There’s a strong underdog narrative at play here, as well: Demna is in the midst of pulling the troubled fashion house out of a post-Alessandro Michele downturn, while Alpine is on an upswing this season after finishing dead last in 2025.
Getting the Gucci logo in pole position within one of the world’s fastest-growing sports is a major play for the beleaguered brand. And with a full year before the newly Guccified Alpine team debuts, we have plenty of time to wonder what kind of fits Demna will dream up for his racers.
Gucci Racing adds gas to the luxury fashion trend of forgoing one-and-done collabs in favor of multi-year partnerships: Louis Vuitton’s very Keith Haringcore Cruise collection was essentially an ad for its three-year deal to support the Frick Collection, while Bvlgari recently became the official partner of the Venice Biennale through 2030.

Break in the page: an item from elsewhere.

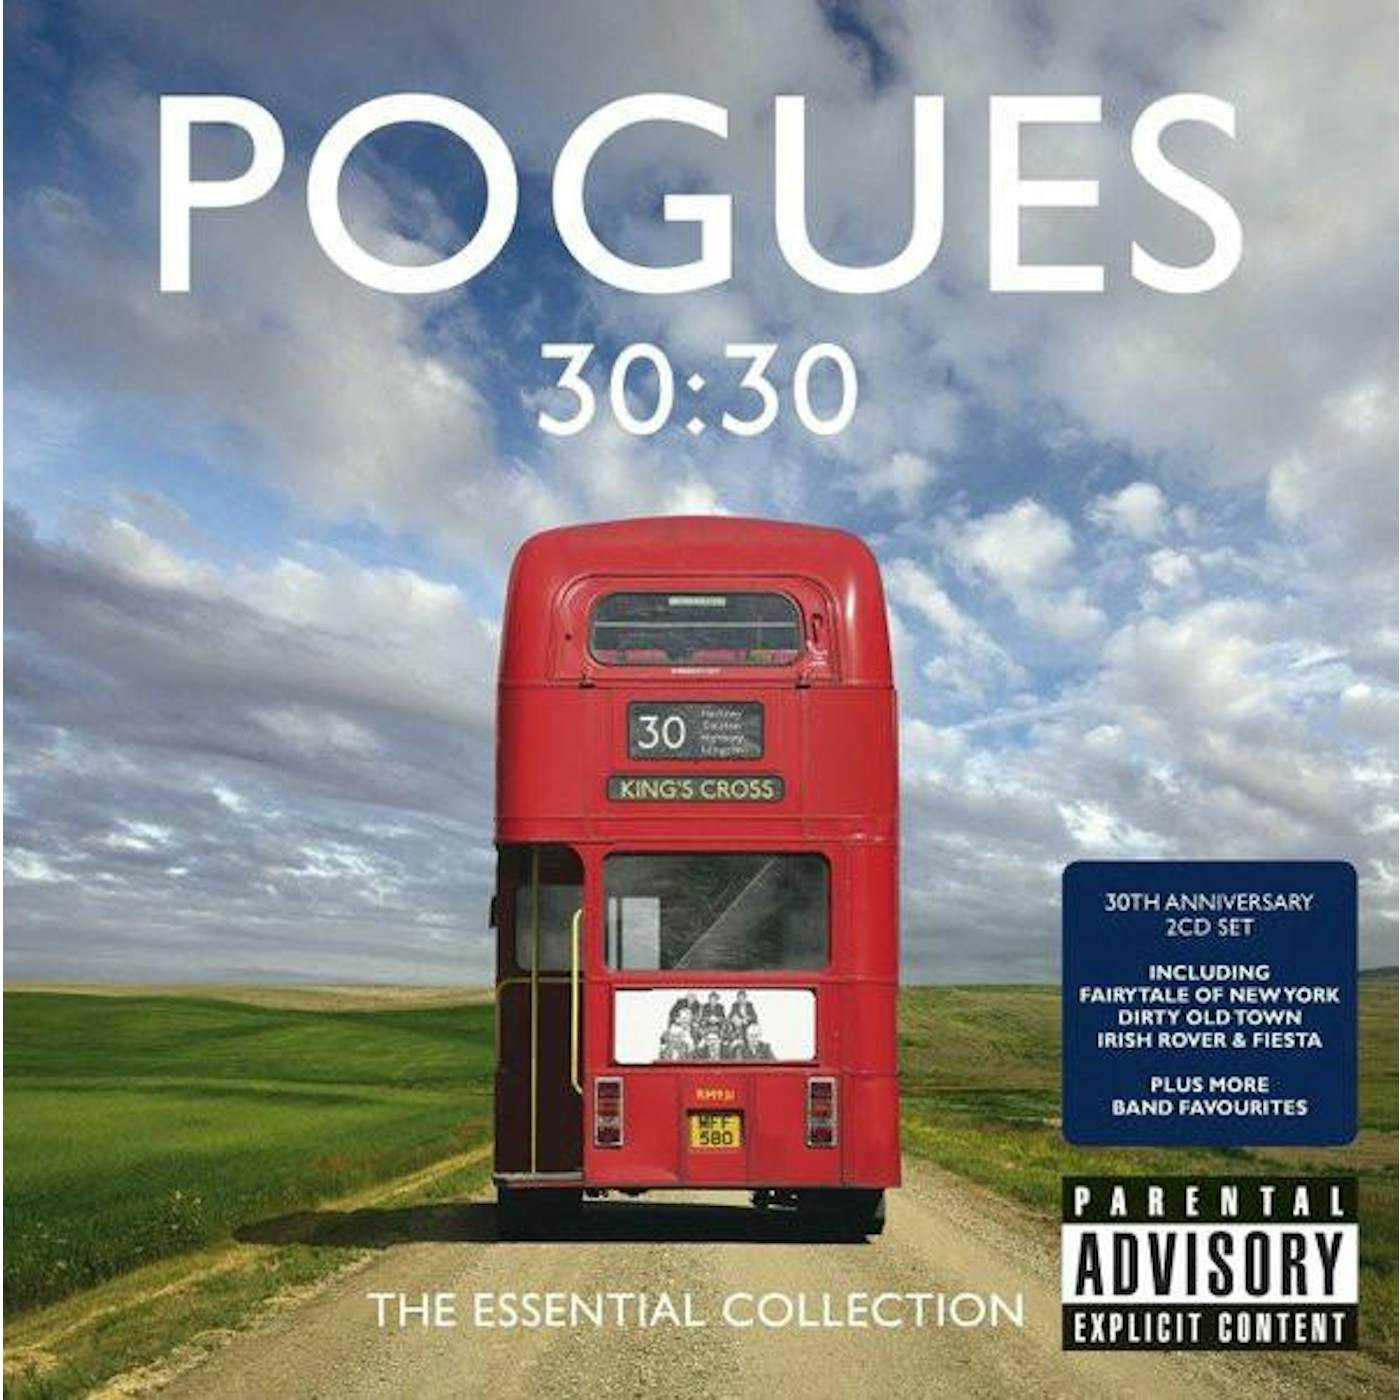 The Pogues 30:30: THE ESSENTIAL COLLECTION CD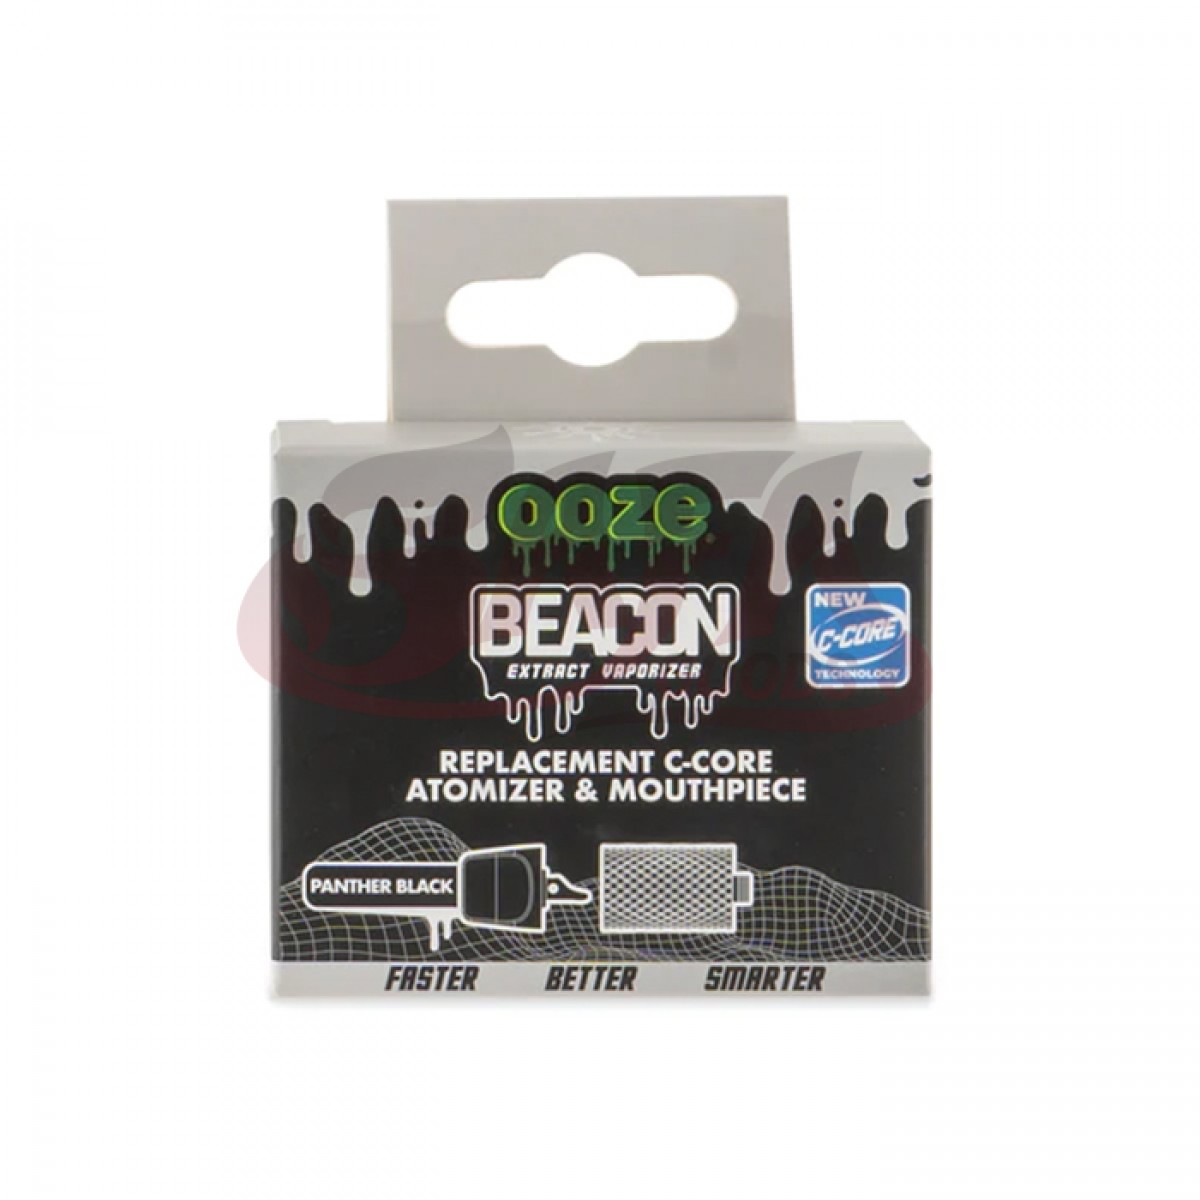 Ooze - Beacon - Replacement Atomizer Coil

The Alpine deal cements Gucci as the first luxury clothing label to enter into this level of partnership with an F1 team, right as the sport is nearing a $3 billion sponsorship boom fueled by a slate of brand deals with everyone from Tommy Hilfiger to Louis Vuitton — and, of course, the popularity of Brad Pitt’s Oscar-nominated F1 The Movie (or, as I like to call it, Brad Pitt in Fast Car Goes Vroom Vroom).
Merging into F1’s lane is just the latest move in Demna's hot streak of incorporating moto culture into his clothes; his Balenciaga era included oversized racing leathers and a $70,000 shark sculpture made by Japanese artist Showichi Kaneda for F1 Vegas 2024.